Elena was quietly observing both William and Kai. Her eyes lingered on Kai specifically, like she was noticing something different about him.
"You’re up early Kai," Elena said softly. "That’s unusual."
"I decided to start training seriously," Kai replied without elaborating. "Competition’s coming up. Seemed like a good time to stop being lazy."
Marcus laughed. "About time! Maybe we’ll actually see you in class now."
They ate breakfast while Marcus dominated the conversation with complaints about an upcoming essay. William was only half-listening, his mind still processing the morning’s training and everything Kai had taught him.

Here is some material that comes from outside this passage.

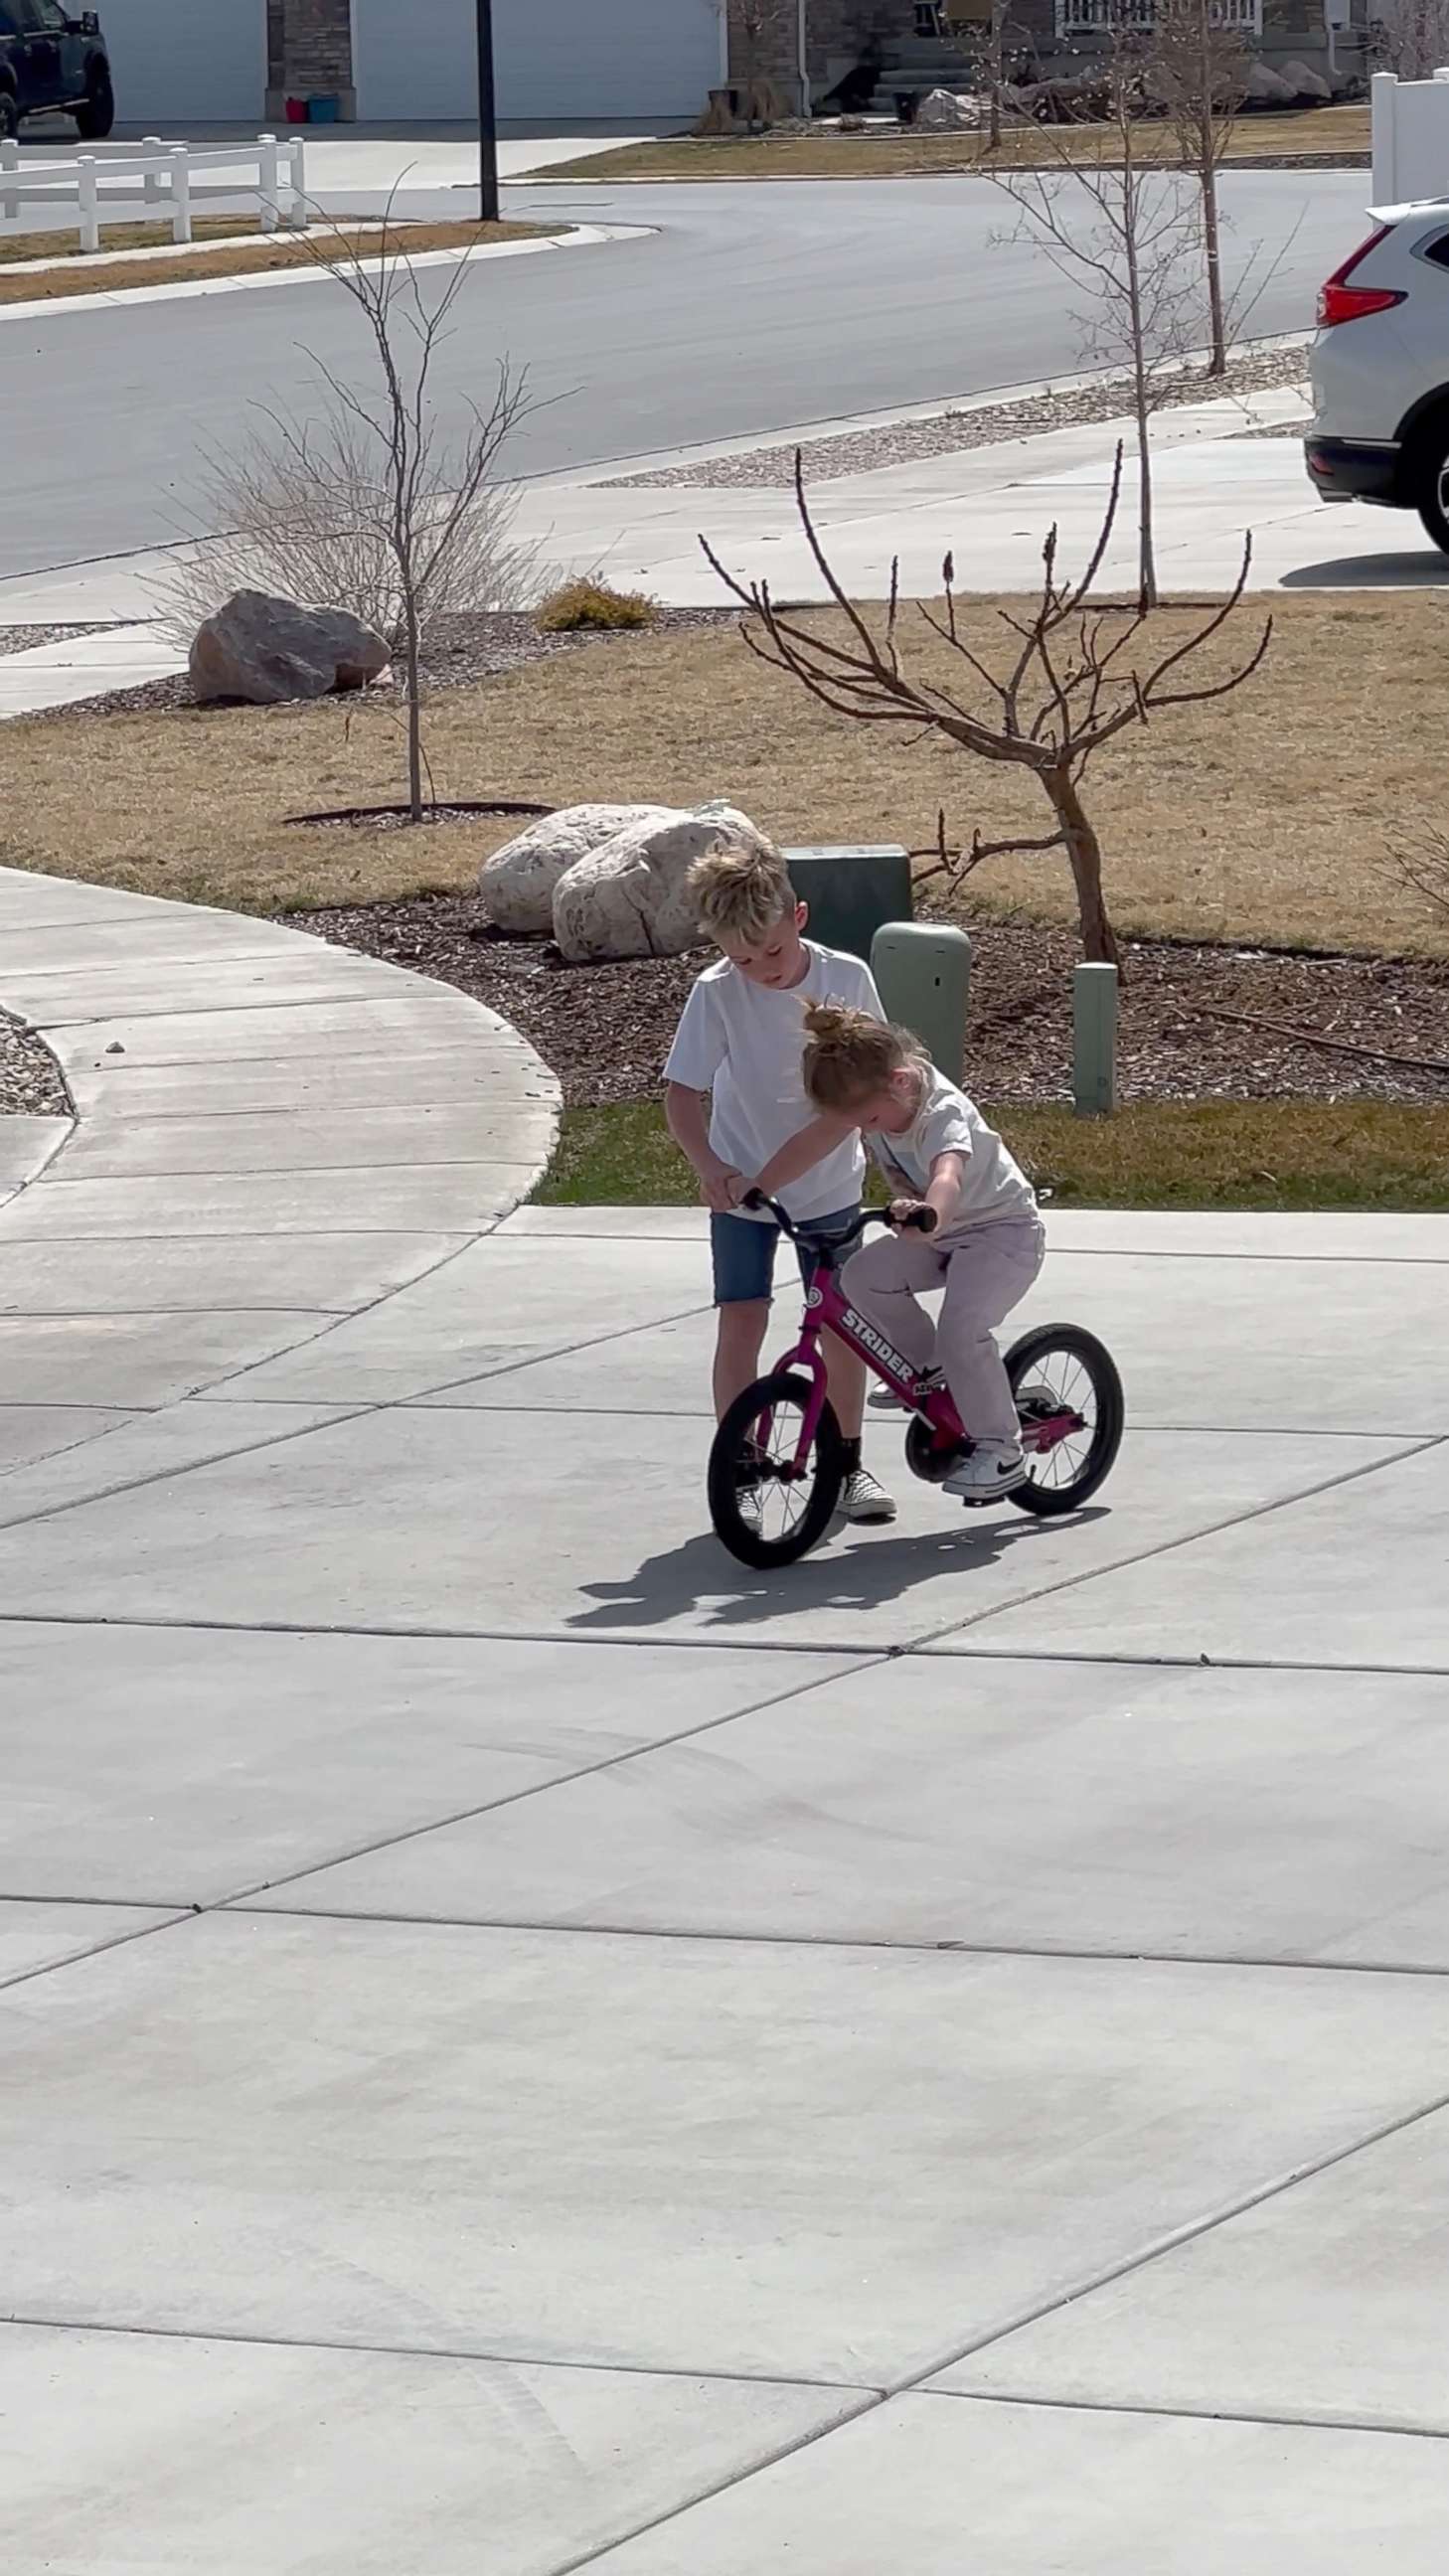 PHOTO: Mak helped his younger sister Judy learn how to ride her bicycle in March.

Across the dining hall, William spotted Seraphina entering. She saw him immediately and started walking over. Her silver hair was tied back and she looked like she’d already been training for hours.
"William," Seraphina said when she reached their table. She glanced at Kai briefly, then back to William. "Can we talk?"
"Sure." William stood up and followed her to a quieter corner of the dining hall.
"You’re hurt," Seraphina said immediately, noticing the faint marks on his hands from last night. "What happened?"
"It was a training accident. It’s nothing serious."
Seraphina’s crimson eyes studied him carefully. "You’re lying. Or at least not telling me everything."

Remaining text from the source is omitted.